Opening other PId’s we can find the Java thread that has the lock on this resource. The culprit will look like:
"Thread-133346" prio=10 tid=0x00007fec40ac7800 nid=0x747e runnable [0x00007fec17cc4000]
java.lang.Thread.State: RUNNABLE
at java.lang.Thread.<init>(Thread.java:234)
at org.apache.hadoop.ipc.Client$Connection.<init>(Client.java:396)
at org.apache.hadoop.ipc.Client.getConnection(Client.java:1452)
- locked <0x0000000600f2e770> (a java.util.Hashtable)
at org.apache.hadoop.ipc.Client.call(Client.java:1381)
at org.apache.hadoop.ipc.Client.call(Client.java:1363)
at org.apache.hadoop.ipc.ProtobufRpcEngine$Invoker.invoke(ProtobufRpcEngine.java:215)
at com.sun.proxy.$Proxy42.getApplicationReport(Unknown Source)
at org.apache.hadoop.yarn.api.impl.pb.client.ApplicationClientProtocolPBClientImpl.getApplicationReport(ApplicationClientProtocolPBClientImpl.java:163)
at sun.reflect.GeneratedMethodAccessor39.invoke(Unknown Source)
at sun.reflect.DelegatingMethodAccessorImpl.invoke(DelegatingMethodAccessorImpl.java:43)
at java.lang.reflect.Method.invoke(Method.java:606)
at org.apache.hadoop.io.retry.RetryInvocationHandler.invokeMethod(RetryInvocationHandler.java:190)
at org.apache.hadoop.io.retry.RetryInvocationHandler.invoke(RetryInvocationHandler.java:103)
at com.sun.proxy.$Proxy43.getApplicationReport(Unknown Source)
at org.apache.hadoop.yarn.client.api.impl.YarnClientImpl.getApplicationReport(YarnClientImpl.java:291)
at org.apache.hadoop.mapred.ResourceMgrDelegate.getApplicationReport(ResourceMgrDelegate.java:294)
at org.apache.hadoop.mapred.ClientServiceDelegate.getProxy(ClientServiceDelegate.java:152)
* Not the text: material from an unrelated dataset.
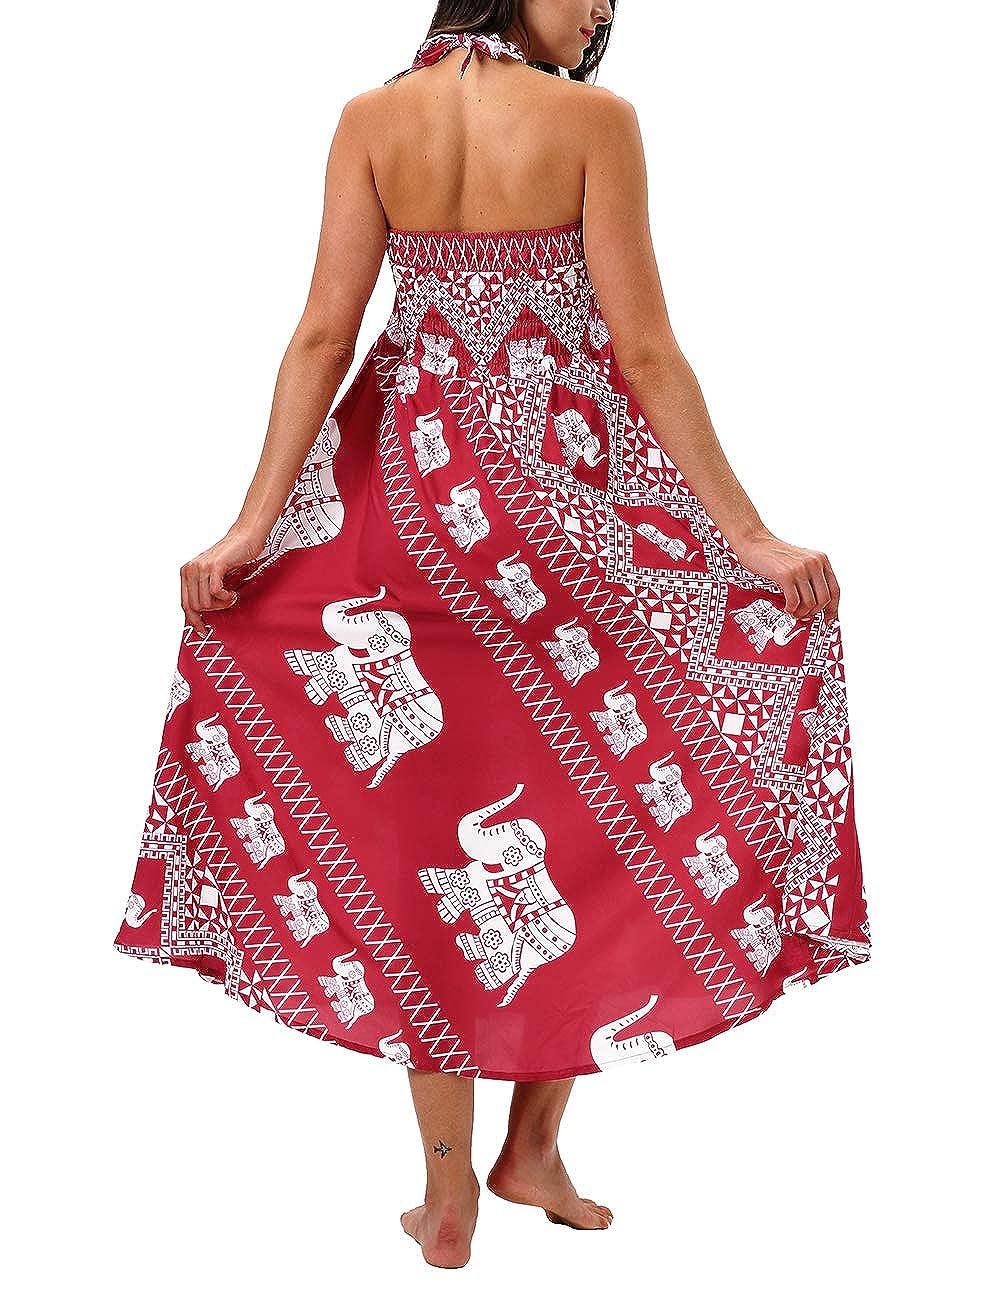 SEBOWEL Women Printed Beach Dress Skirts Bikini Swimwear Cover Ups Kaftan

at org.apache.hadoop.mapred.ClientServiceDelegate.invoke(ClientServiceDelegate.java:319)
- locked <0x0000000733033970> (a org.apache.hadoop.mapred.ClientServiceDelegate)
at org.apache.hadoop.mapred.ClientServiceDelegate.getJobStatus(ClientServiceDelegate.java:419)
at org.apache.hadoop.mapred.YARNRunner.getJobStatus(YARNRunner.java:532)
at org.apache.hadoop.mapreduce.Job$1.run(Job.java:314)
at org.apache.hadoop.mapreduce.Job$1.run(Job.java:311)
at java.security.AccessController.doPrivileged(Native Method)
at javax.security.auth.Subject.doAs(Subject.java:415)
at org.apache.hadoop.security.UserGroupInformation.doAs(UserGroupInformation.java:1548)
at org.apache.hadoop.mapreduce.Job.updateStatus(Job.java:311)
- locked <0x0000000733032e20> (a org.apache.hadoop.mapreduce.Job)
at org.apache.hadoop.mapreduce.Job.getJobState(Job.java:347)
at org.apache.hadoop.mapred.JobClient$NetworkedJob.getJobState(JobClient.java:295)
- locked <0x0000000733032e10> (a org.apache.hadoop.mapred.JobClient$NetworkedJob)
at org.apache.hadoop.hive.ql.exec.mr.HadoopJobExecHelper.progress(HadoopJobExecHelper.java:244)
at org.apache.hadoop.hive.ql.exec.mr.HadoopJobExecHelper.progress(HadoopJobExecHelper.java:547)
at org.apache.hadoop.hive.ql.exec.mr.ExecDriver.execute(ExecDriver.java:426)
at org.apache.hadoop.hive.ql.exec.mr.MapRedTask.execute(MapRedTask.java:136)
at org.apache.hadoop.hive.ql.exec.Task.executeTask(Task.java:153)
at org.apache.hadoop.hive.ql.exec.TaskRunner.runSequential(TaskRunner.java:85)
at org.apache.hadoop.hive.ql.exec.TaskRunner.run(TaskRunner.java:72)
This kind of Blocked Status is not technically a Deadlock, but just a thread blocking other threads: locked status for a resource while many other objects start queuing waiting for the same resource.